Publications & Posters

Plasma Neurofilament Light Protein Correlates With Diffusion Tensor Imaging Metrics In Frontotemporal Dementia.

PLOS ONE

Spotorno N, Lindberg O, Nilsson C, Landqvist Waldö M, van Westen D, Nilsson K, Vestberg S, Englund E, Zetterberg H, Blennow K, Lätt J, Markus N, Lars-Olof W and Alexander S

PLoS One. 2020 Oct 27;15(10):e0236384

DOI: https://doi.org/10.1371/journal.pone.0236384

This study was peformed using a Simoa® Homebrew assay.

Abstract

Neurofilaments are structural components of neurons and are particularly abundant in highly myelinated axons. The levels of neurofilament light chain (NfL) in both cerebrospinal fluid (CSF) and plasma have been related to degeneration in several neurodegenerative conditions including frontotemporal dementia (FTD) and NfL is currently considered as the most promising diagnostic and prognostic fluid biomarker in FTD. Although the location and function of filaments in the healthy nervous system suggests a link between increased NfL and white matter degeneration, such a claim has not been fully elucidated in vivo, especially in the context of FTD. The present study provides evidence of an association between the plasma levels of NfL and white matter involvement in behavioral variant FTD (bvFTD) by relating plasma concentration of NfL to diffusion tensor imaging (DTI) metrics in a group of 20 bvFTD patients. The results of both voxel-wise and tract specific analysis showed that increased plasma NfL concentration is associated with a reduction in fractional anisotropy (FA) in a widespread set of white matter tracts including the superior longitudinal fasciculus, the fronto-occipital fasciculus the anterior thalamic radiation and the dorsal cingulum bundle.
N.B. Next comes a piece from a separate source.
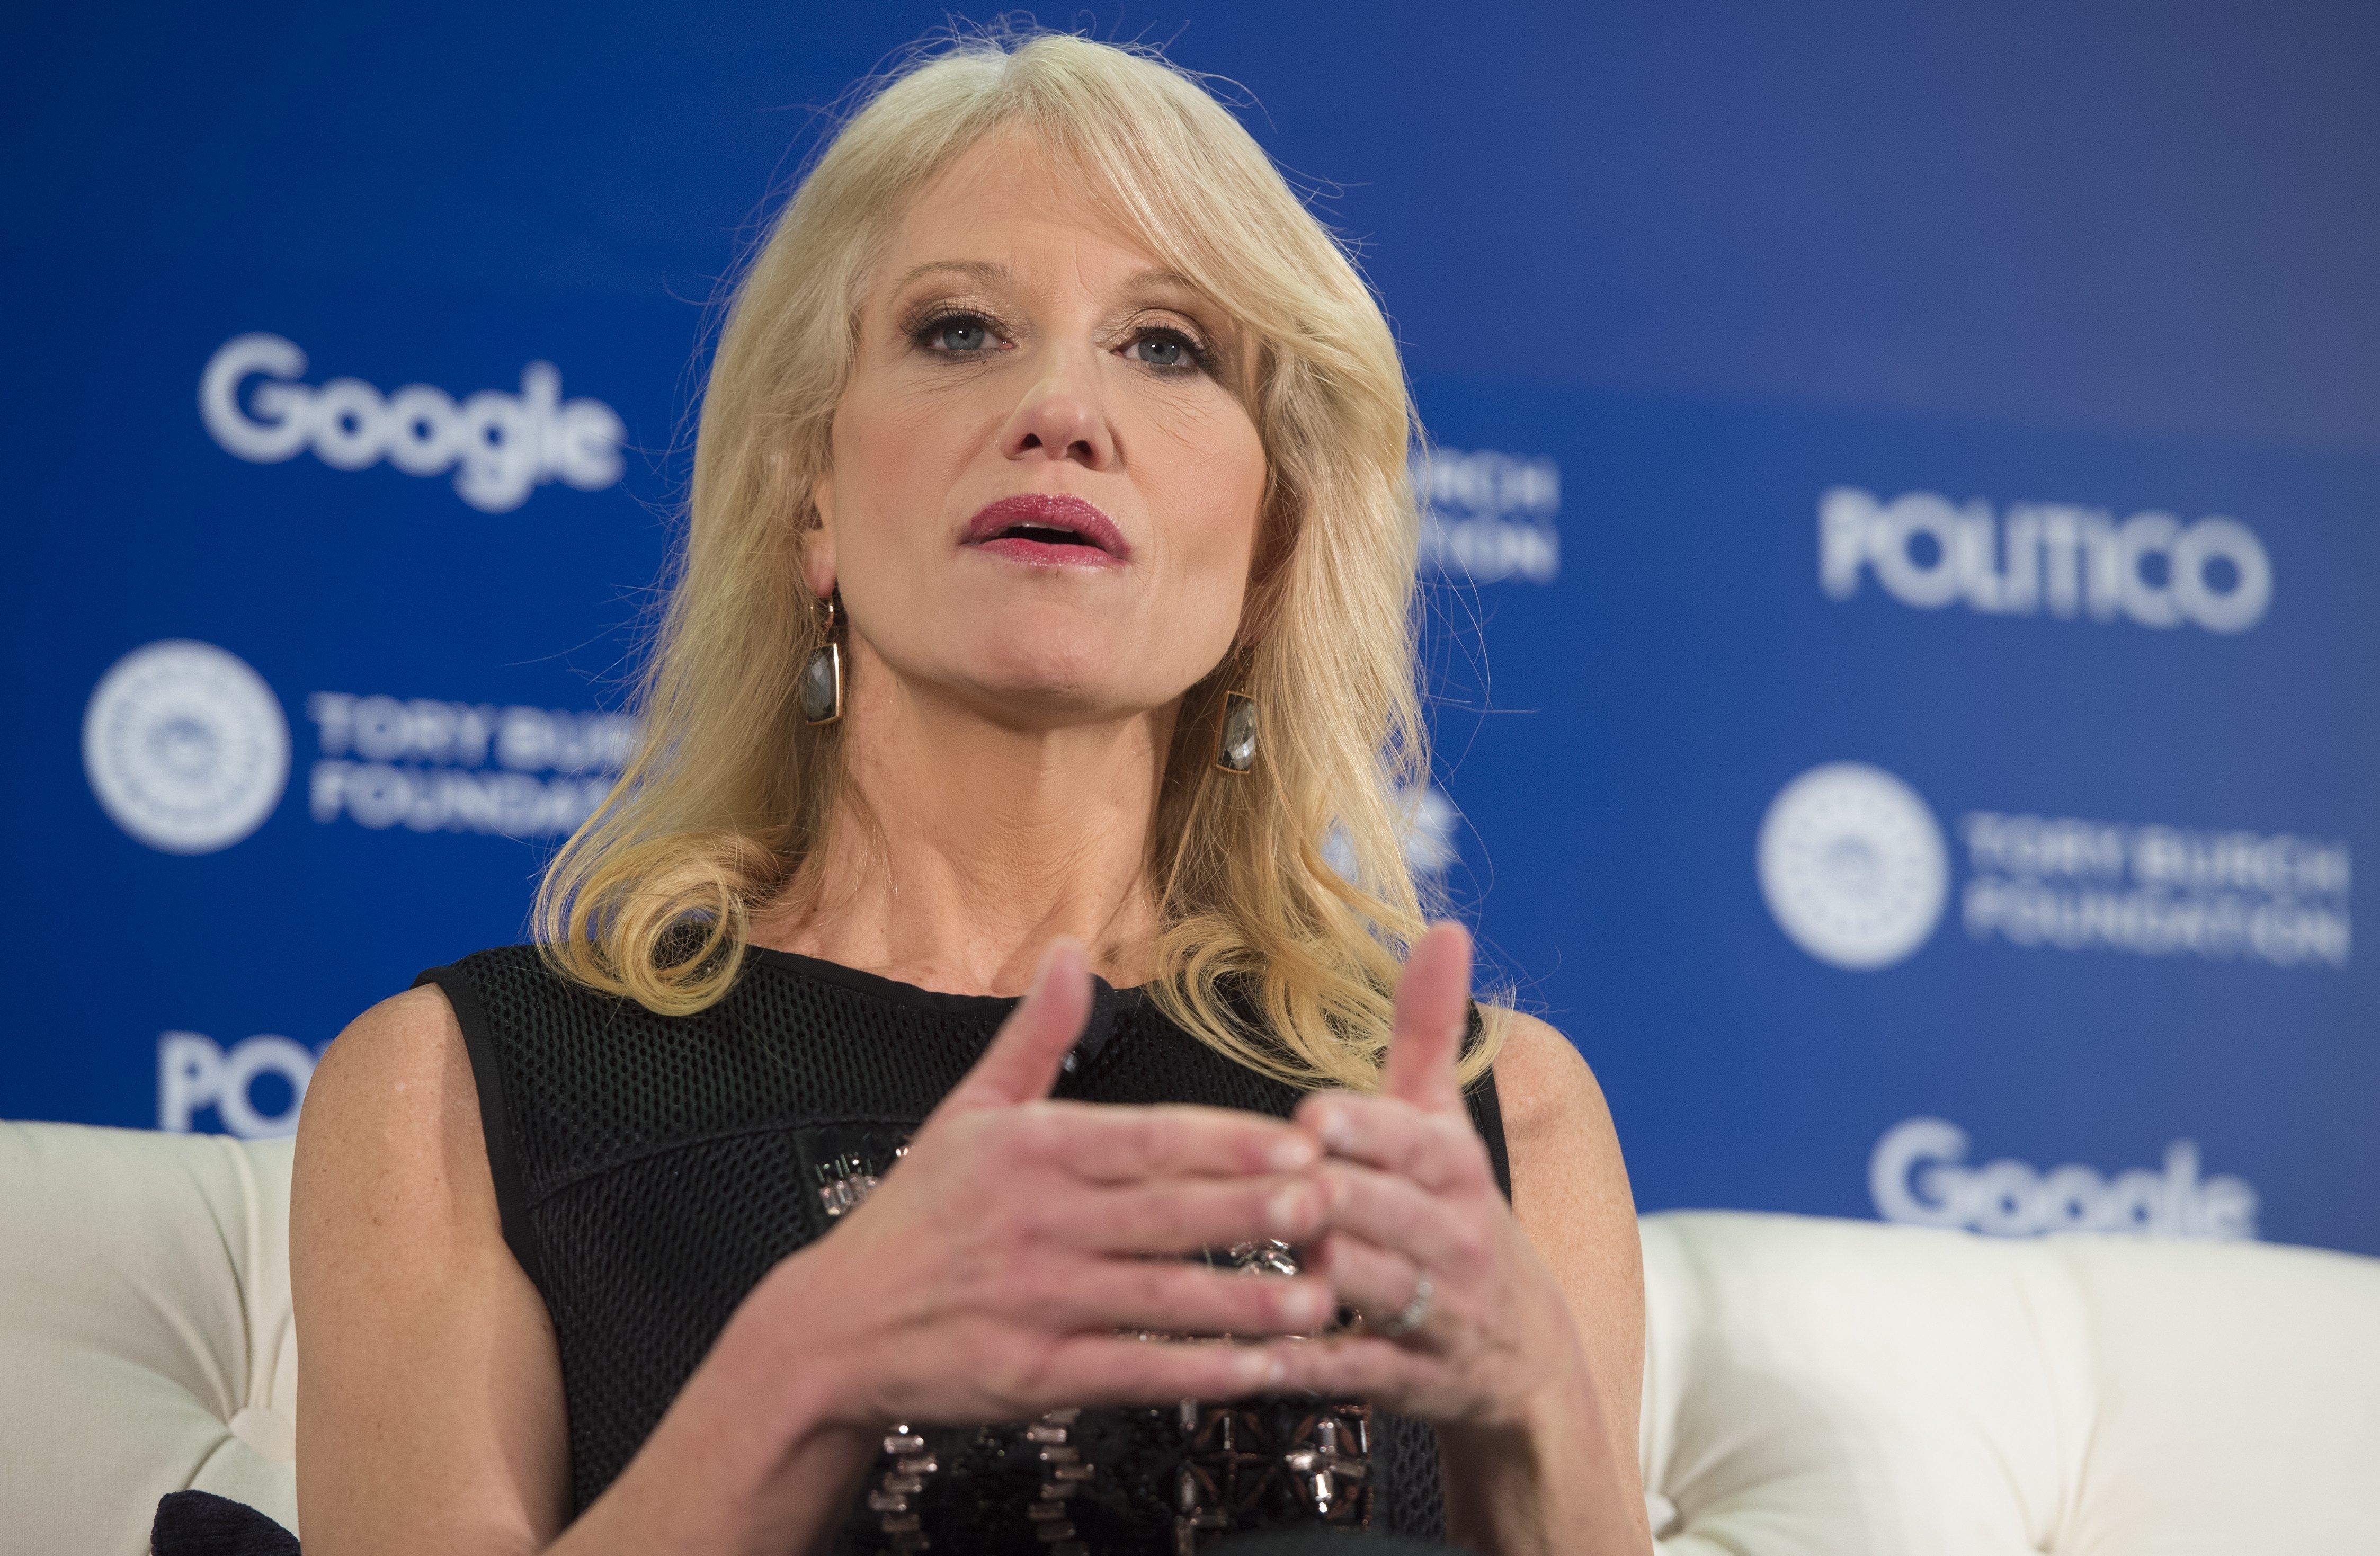 Kellyanne Conway, speaking at Politico's Women Rule Summit in Washington, D.C., on Wednesday.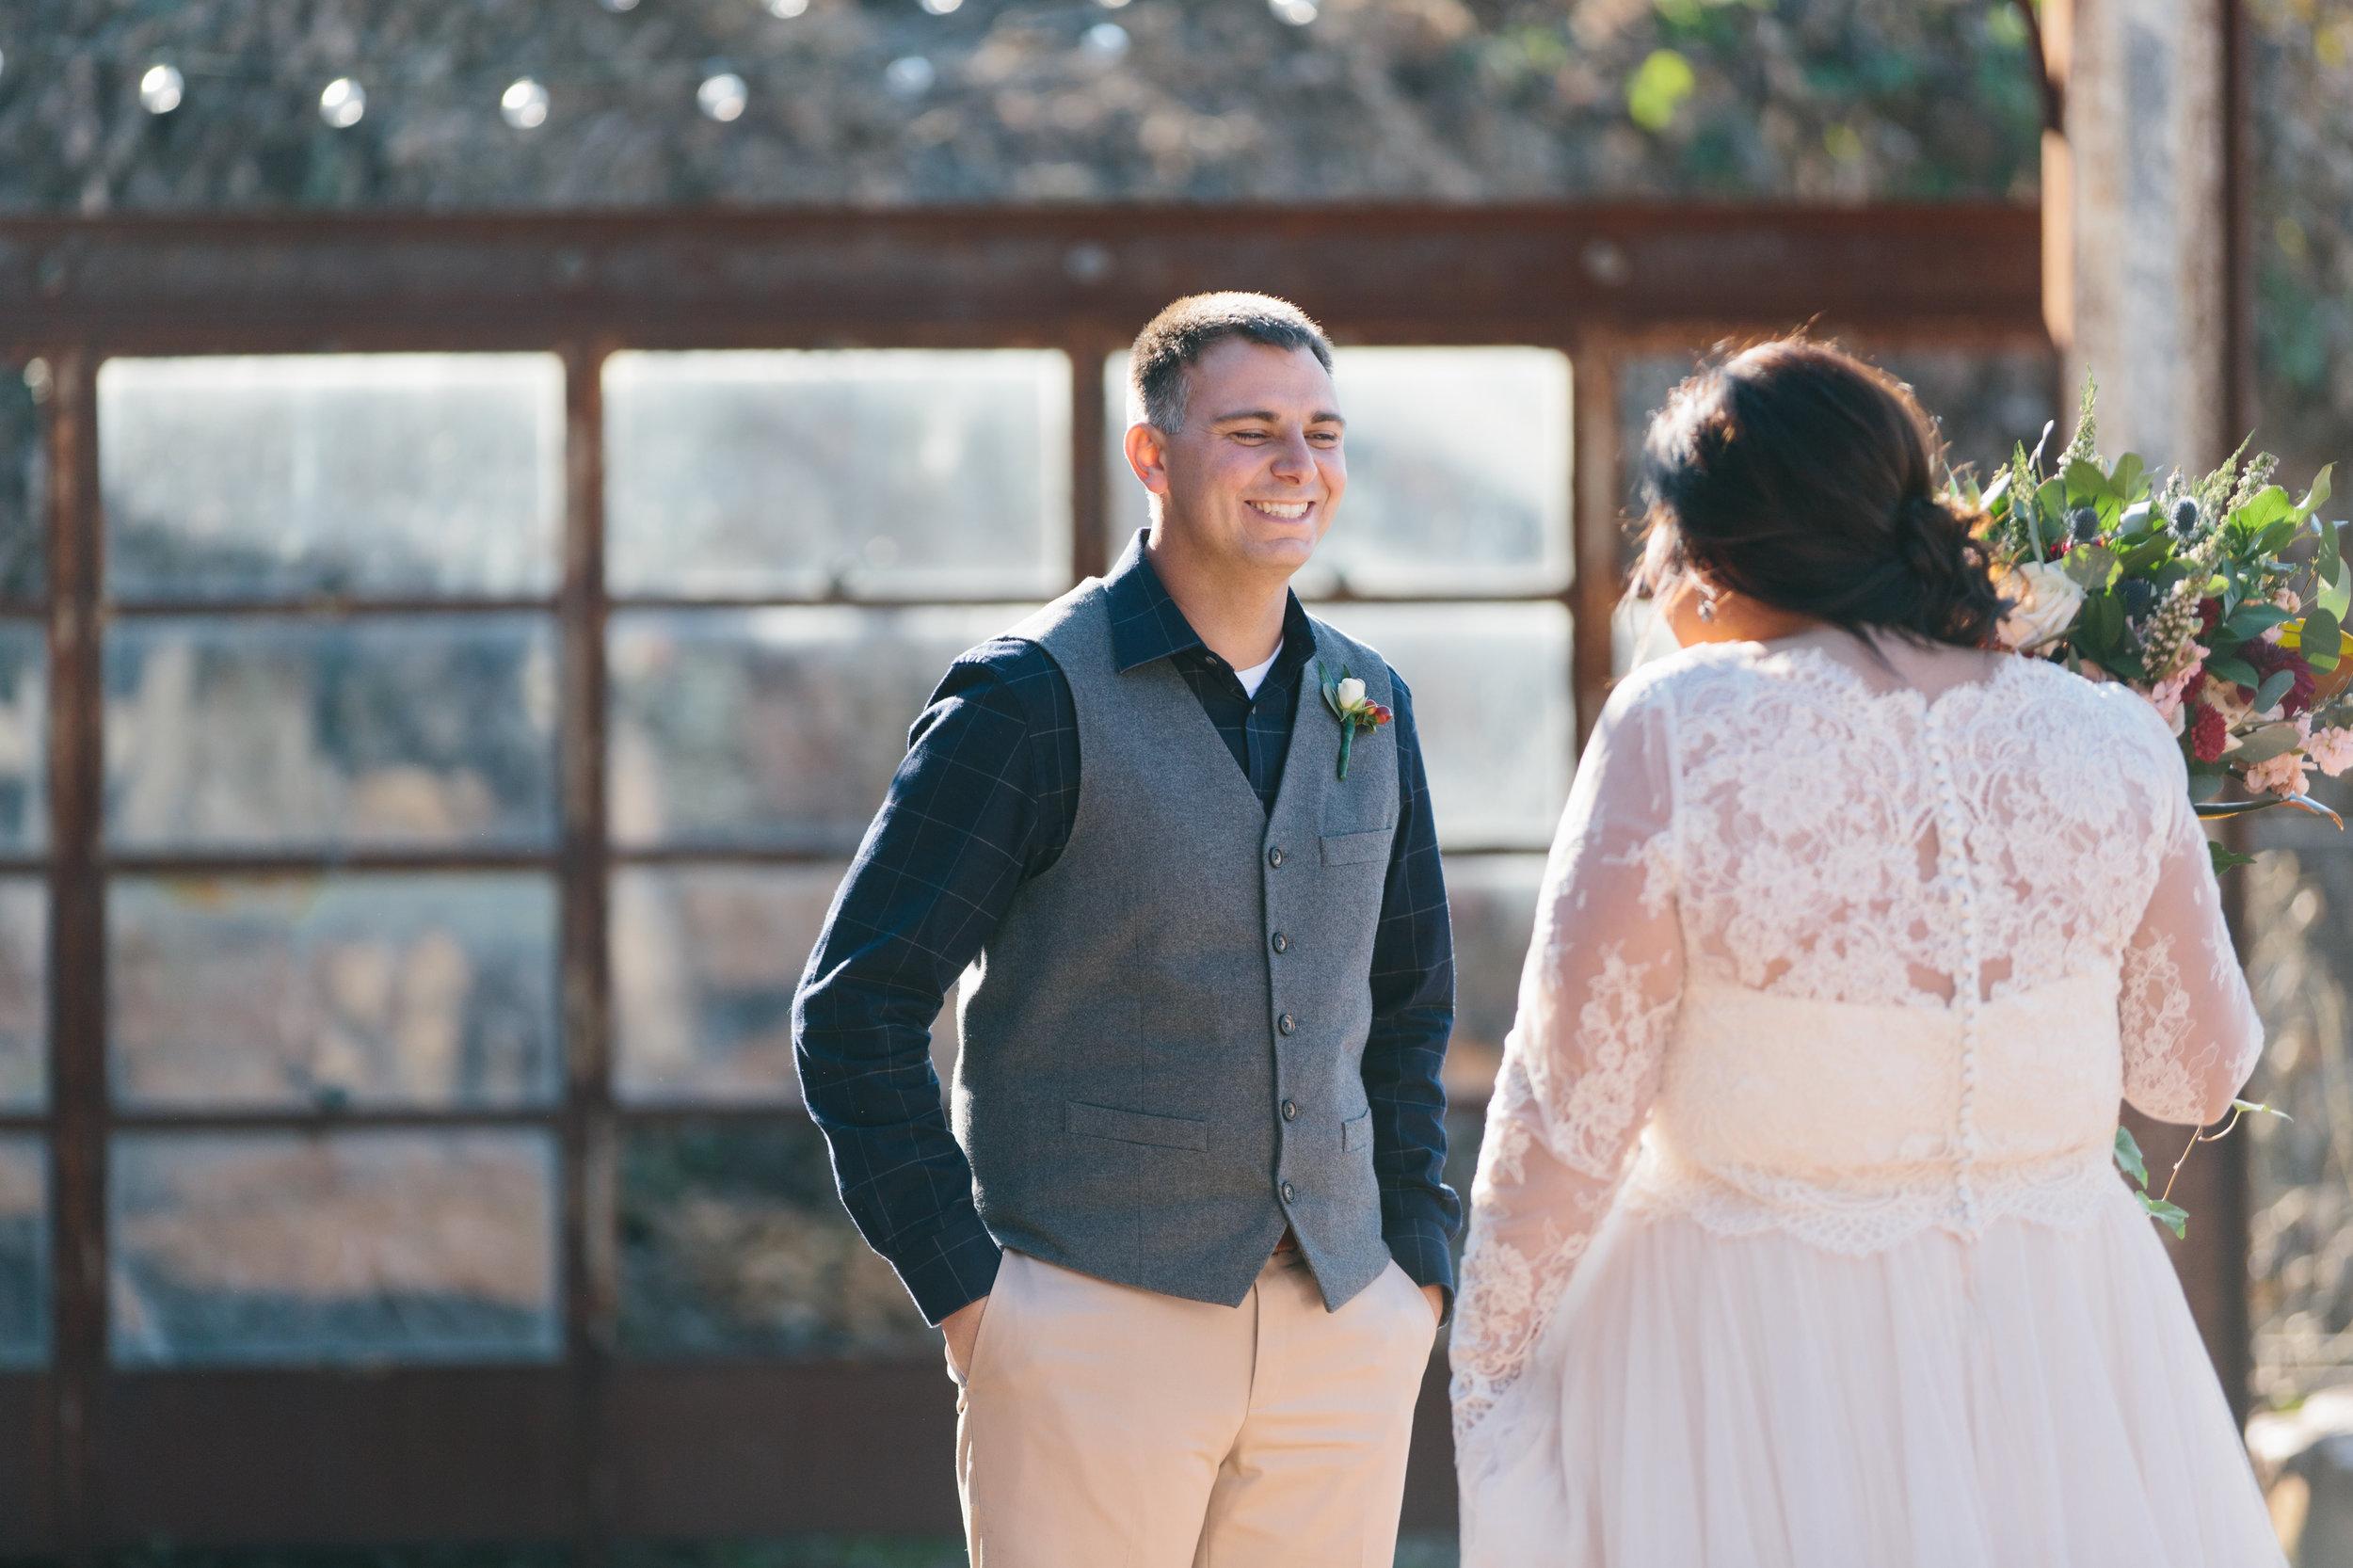 Lauren_Jeremy_Standard_Wedding_Knoxville_Abigail_Malone_Photography_FIlm-170.jpg

Plasma NfL concentration also correlated with cortical thinning in a portion of the right medial prefrontal cortex and of the right lateral orbitofrontal cortex. These results support the hypothesis that blood NfL levels reflect the global level of neurodegeneration in bvFTD and help to advance our understanding of the association between this blood biomarker for FTD and the disease process.